Dirty Dog bumped this up stairs Oct 18th however those who take care of such matters seem to be non existent or simply don't care. Appears to be a complete lack of customer service. 
I do enjoy the community here and was wanting to help with maintaining it but...not certain I'll do such in the future.


----------



## Gerry Seymour

I tried to buy a membership some months ago. The payment never even went through, and I had no response in attempting to find a resolution.


----------



## Monkey Turned Wolf

In case those who are in charge of payments read these threads, you are losing money and supporting members by not putting the supporting membership through, beyond just those people. The only thing keeping me from getting a supporting membership is that I've been seeing on the forums for a while people making comments that their payment is not going through, and apparently it never getting resolved. I'm sure I'm not the only one who has not paid for it because of that.


----------



## Gerry Seymour

kempodisciple said:


> In case those who are in charge of payments read these threads, you are losing money and supporting members by not putting the supporting membership through, beyond just those people. The only thing keeping me from getting a supporting membership is that I've been seeing on the forums for a while people making comments that their payment is not going through, and apparently it never getting resolved. I'm sure I'm not the only one who has not paid for it because of that.


It seems unlikely you're the only one. If I had seen one of those posts before I attempted, I would not have bothered.


----------



## jks9199

I apologize, folks.  We have kicked this "upstairs", a couple days back.  I've been very busy and a bit under the weather, and haven't had time to follow up.  I'll escalate as I can.  Please do remember, though, that most of the moderation team are volunteers, with lots of "real life" commitments.


----------



## Gerry Seymour

jks9199 said:


> I apologize, folks.  We have kicked this "upstairs", a couple days back.  I've been very busy and a bit under the weather, and haven't had time to follow up.  I'll escalate as I can.  Please do remember, though, that most of the moderation team are volunteers, with lots of "real life" commitments.


It's not you guys I'm frustrated with, jks. It's the "upstairs". I've only ever known the moderation team to be responsive and helpful.


----------



## jks9199

All right, folks...

We finally heard back.  Reportedly, any payments at PayPal weren't actually going through, but being placed into a pending status, and never actually paid.  It has been corrected.  Please check your account records, and confirm this.  New subscriptions should go through properly.  If the problem persists, we'll pass it back along the chain.  We should get a faster response if there's still a problem.


----------



## Danny T

jks9199 said:


> All right, folks...
> 
> We finally heard back.  Reportedly, any payments at PayPal weren't actually going through, but being placed into a pending status, and never actually paid.  It has been corrected.  Please check your account records, and confirm this.  New subscriptions should go through properly.  If the problem persists, we'll pass it back along the chain.  We should get a faster response if there's still a problem.
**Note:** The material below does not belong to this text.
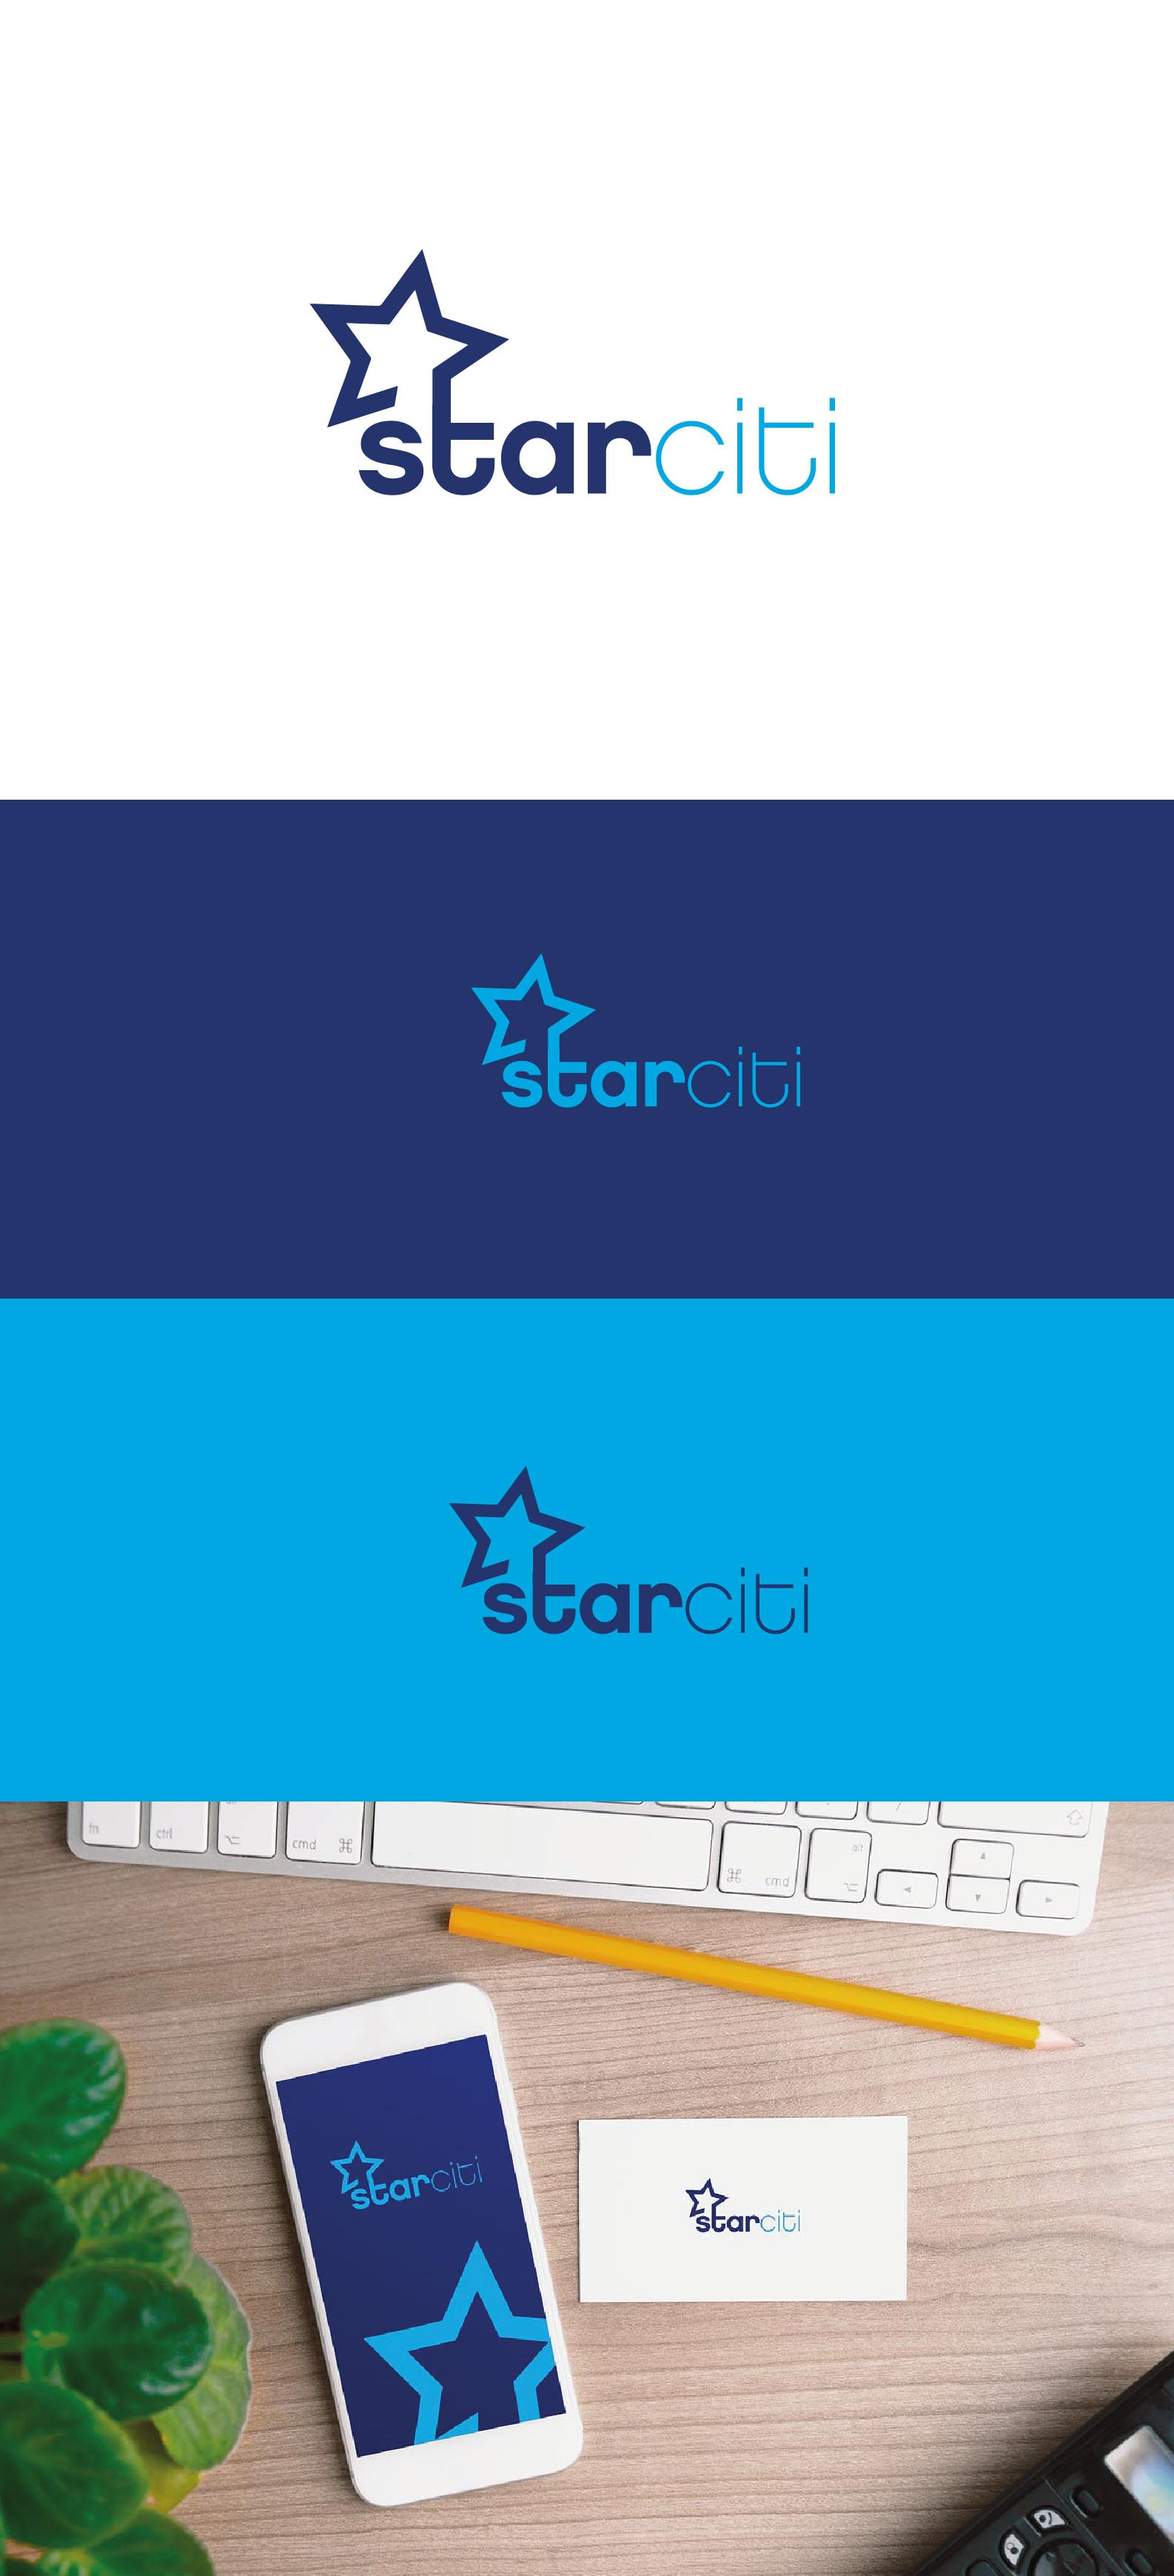 Starciti-logo

Received notice today from PayPal that the money has been returned to my account and that has been confirmed. 

The communication from PayPal:
"Dear Daniel Terrell, 
On Oct 7, 2016, you sent a payment to payments@forumfoundry.com for $29.95 USD.

The funds have been returned to your account.

This payment was returned for the following reason(s):

payments@forumfoundry.com did not sign up for a PayPal account or did not complete the registration process."


----------



## Gerry Seymour

Danny T said:


> Received notice today from PayPal that the money has been returned to my account and that has been confirmed.
> 
> The communication from PayPal:
> "Dear Daniel Terrell,
> On Oct 7, 2016, you sent a payment to payments@forumfoundry.com for $29.95 USD.
> 
> The funds have been returned to your account.
> 
> This payment was returned for the following reason(s):
> 
> payments@forumfoundry.com did not sign up for a PayPal account or did not complete the registration process."


I'm pretty sure this is the same message I got a few months ago when I tried.


----------



## jks9199

It has supposedly been fixed. If not, please let us know so that the folks at Forum Foundry can get to work on it. 

Sent from my SM-G920V using Tapatalk


----------